Most of our current system of care addresses acute disease care through diagnosing and treating. This is where most of the training of health professionals is focused; it is where most of the money is spent, where technology is advanced and where television and movie coverage of health care focuses their lens. It is also an area where we lead the world, but it has of course been a two edged sword. All of that technology creates demand, whether we really will benefit from it or not. Providers plead defensive medicine as to why they need the latest and greatest device, even we if don’t really have conclusive data that it is the latest and greatest. Soon we have a tyranny of the standard of care that generates much of our out of control approach to health. While direct efforts to rein this in will be met by shouts that death panels are the next step, there will be a need to develop incentives to do the right things and disincentives to do the not very smart things for providers and consumers alike. Not to worry, this is America after all and if you still want to do dumb things and can afford independent access to them, then we defend your right to make such decisions, not just on my dime anymore, thank you.

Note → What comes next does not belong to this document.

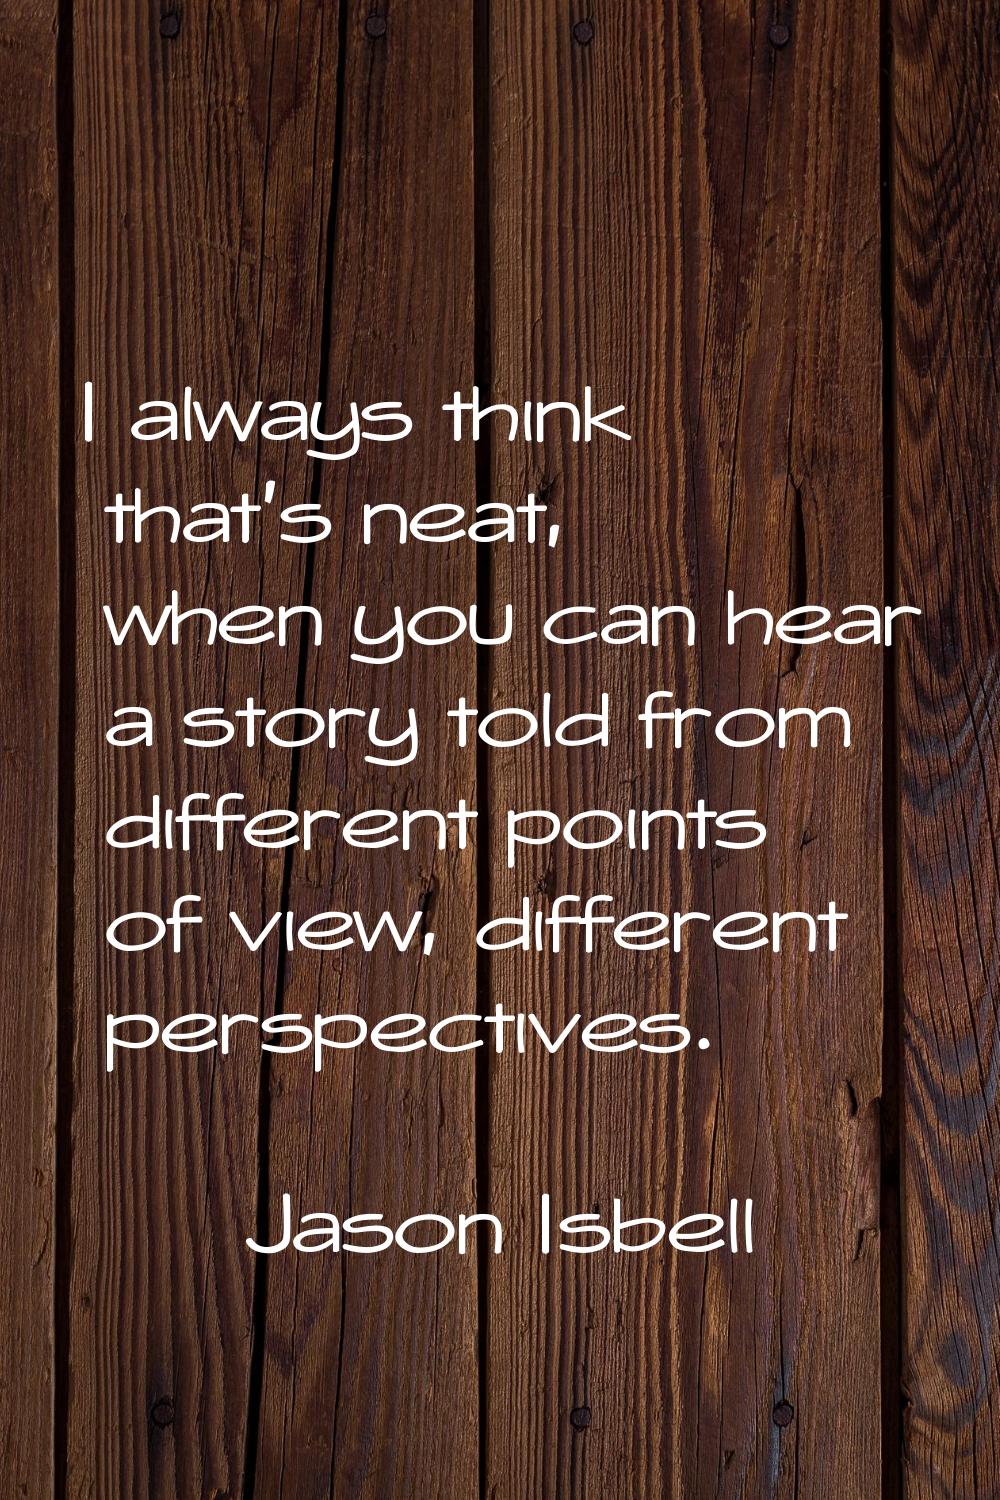 I always think that's neat, when you can hear a story told from different points of view, different

In my view the big opportunity for real cost savings in the short run, say three to five years and more as we go out another ten, is in managing disease and disability better. Today we use very expensive and somewhat inappropriate acute care institutions – hospitals and medical practices – to both diagnose and treat (they do a great job) and manage what cannot be cured (they cost a lot and really aren’t set to do this second job). We have lots of new information technology, growing consumer demand for inclusion and self-treatment, extensively trained professionals outside of medicine and a reason to get chronic care out of the hospitals – it is very expensive and has become a dangerous place to be if you don’t have to be there. Creating these new practice models is what we should spend a fair amount of effort on if we want to see a quick return, both in terms of costs and quality.

We have a fair amount of information as to what works. But having rational data does not change a practice model. There are other factors that impinge on this process, including skills to change the practice, financing structure, prerogatives of the professionals involved, available technology, consumer preference, and physical lay out of the practice.

To change the various practice models in health care will require the engagement of the professional, legislative, academic, regulatory and others in leadership roles to work together to imagine a different future, experiment with redesign, measure the progress and change the environment which can encourage a more intentional and rapid transformation. The nation is waiting.